Ungarns designiertes Staatsoberhaupt schreibt sich Tamás Sulyok

by John Tuscha

Autor: E.K.-L. Bild: Wikipedia/Elekes Andor Lizenz: CC BY-SA 4.0 DEED


Der renommierte Jurist war lange Zeit österreichischer Honorarkonsul in Szegedin

Am 10. Februar dieses Jahres erklärt Ungarns Staatspräsidentin Katalin Novák ihren Rücktritt. Grund dafür ist ein Begnadigungsvorgang im April 2023 anlässlich des Besuchs des Heiligen Vaters im Land der Magyaren. Damals erlässt Novák einem stellvertretenden Heimleiter den Rest der Haftstrafe, die er dafür aufgefasst hat, weil er seinen Chef bei dessen pädokriminellen Machenschaften gedeckt hat. Es spricht für das hohe Ethos von Katalin Novák, für ihren Fehler die volle Verantwortung zu übernehmen und abzutreten. Nun stellt sich die Frage, wer der überaus sympathischen dreifachen Mutter im Amt nachfolgen soll.
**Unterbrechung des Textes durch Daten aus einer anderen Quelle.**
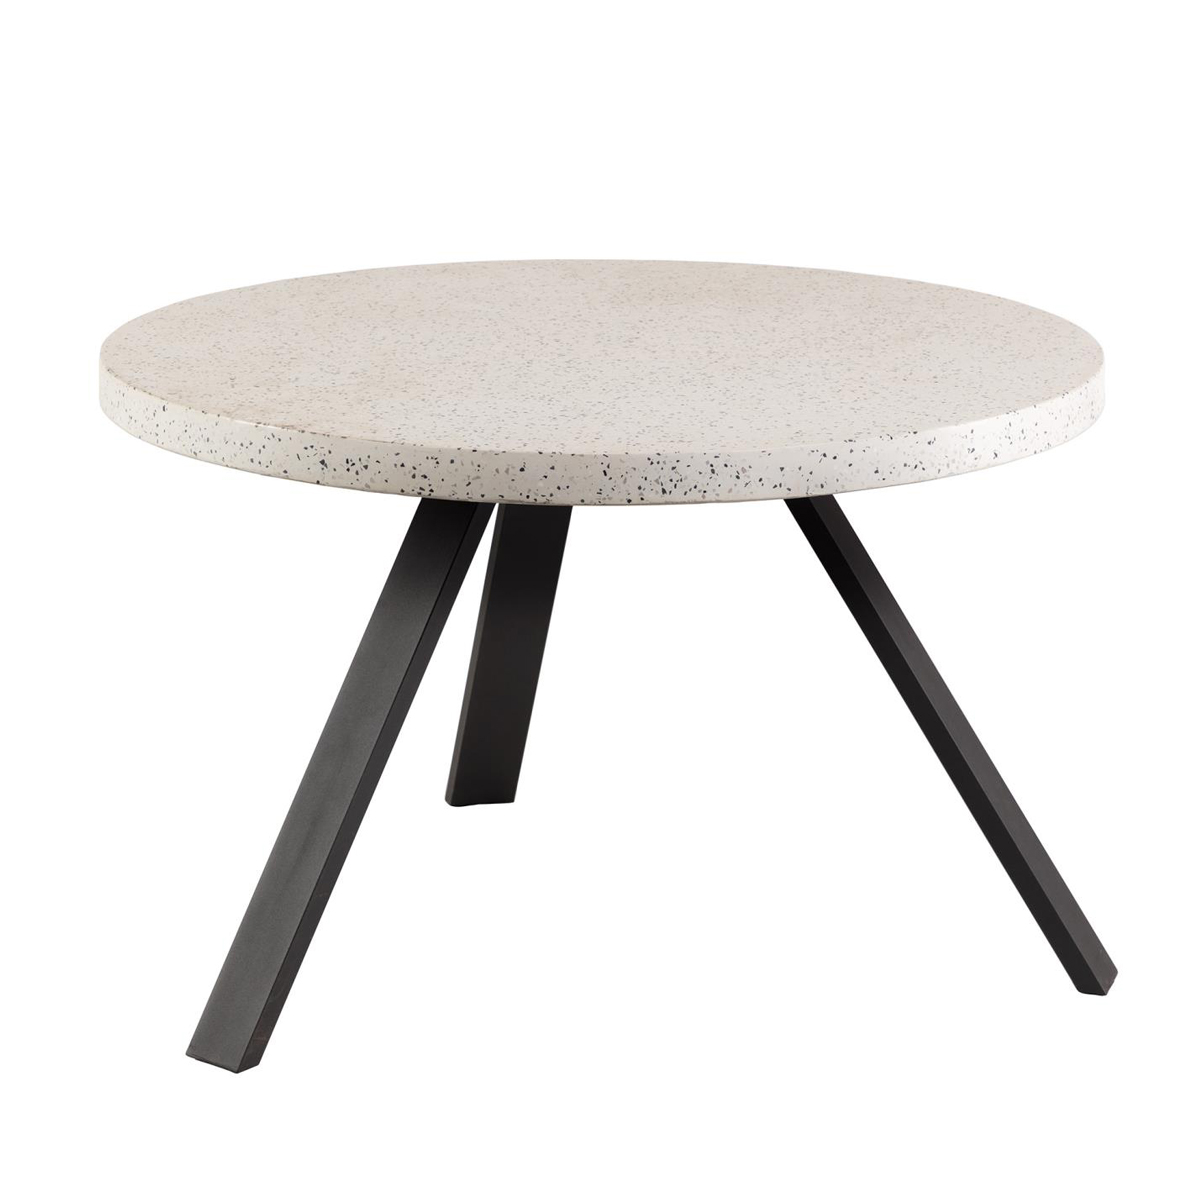 Table basse ronde à effet granite - Blanc - D 120 x H 76 cm
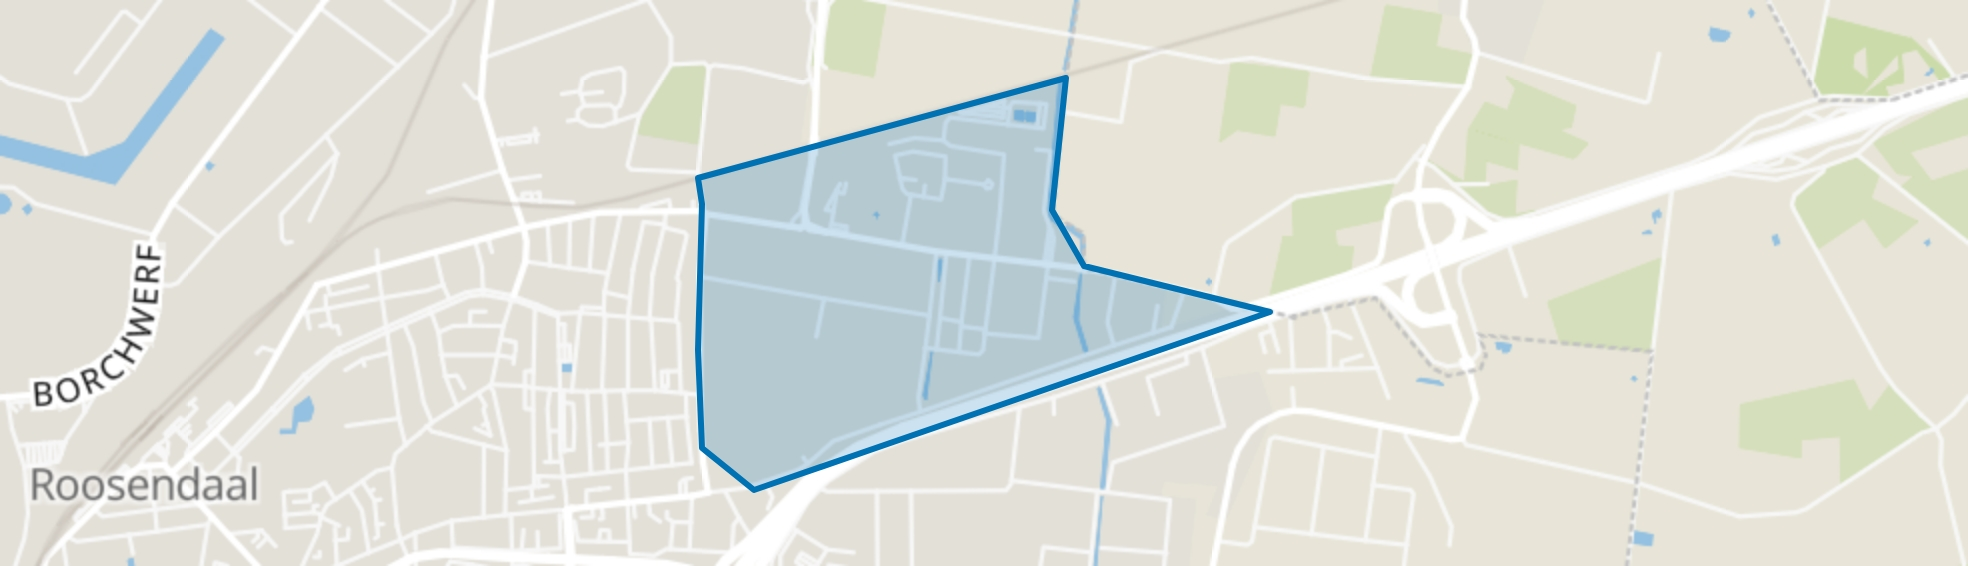 Majoppeveld-Noord, Roosendaal map

Einstweilen hat im Sinne des Artikels 14 Absatz 1 der Verfassung László Kovács als Vorsitzender des Parlaments die Aufgaben von Katalin Novák übernommen.

Vor wenigen Tagen beschließen die beiden Regierungsparteien – sohin die nationalkonservative Fidesz von Viktor Orbán und die kleine christdemokratische KDNP von Zsolt Semjén – den Vorsitzenden des Verfassungsgerichts, Tamás Sulyok, dem Parlament als Nachfolger von Katalin Novák vorzuschlagen. Da die Regierungsparteien über die für die Wahl des Staatsoberhauptes erforderliche Zweidrittel-Mehrheit im Parlament verfügen, besteht nach menschlichem Ermessen kein Zweifel an der Wahl von Tamás Sulyok.

Wer ist das in Aussicht genommene Staatsoberhaupt? Sulyok wird am 24. März 1956 in Kiskunfélegyháza (die Kleinstadt liegt im Burgkomitat Bács-Kiskun und ist beiläufig 60 km von Szeged entfernt) geboren und studiert nach Ablegung der Reifeprüfung Rechtswissenschaften an der damaligen József Attila-Universität in Szegedin (ung. Szeged). Ab 1980 arbeitet er zunächst bei Gericht und bald danach als niedergelassener Anwalt, dies von 1998 bis 2014. Nur wenige Monate nach seiner Wahl zum Richter des Verfassungsgerichts wird er im April 2015 von diesem Gremium bereits zum Vizepräsidenten gewählt. Im November 2016 wählt ihn das Parlament auf Vorschlag von Parlamentspräsident László Kövér zum Präsidenten des Verfassungsgerichts. Sohin eine hochkarätige juristische Laufbahn, die für die Funktion des Staatsoberhauptes geradezu prädestiniert.

Tamás Sulyok hat auch einen engen Bezug zu unserer Heimat: Von 2000 bis 2014 ist er knapp anderthalb Jahrzehnte hindurch österreichischer Honorarkonsul im südungarischen Szegedin.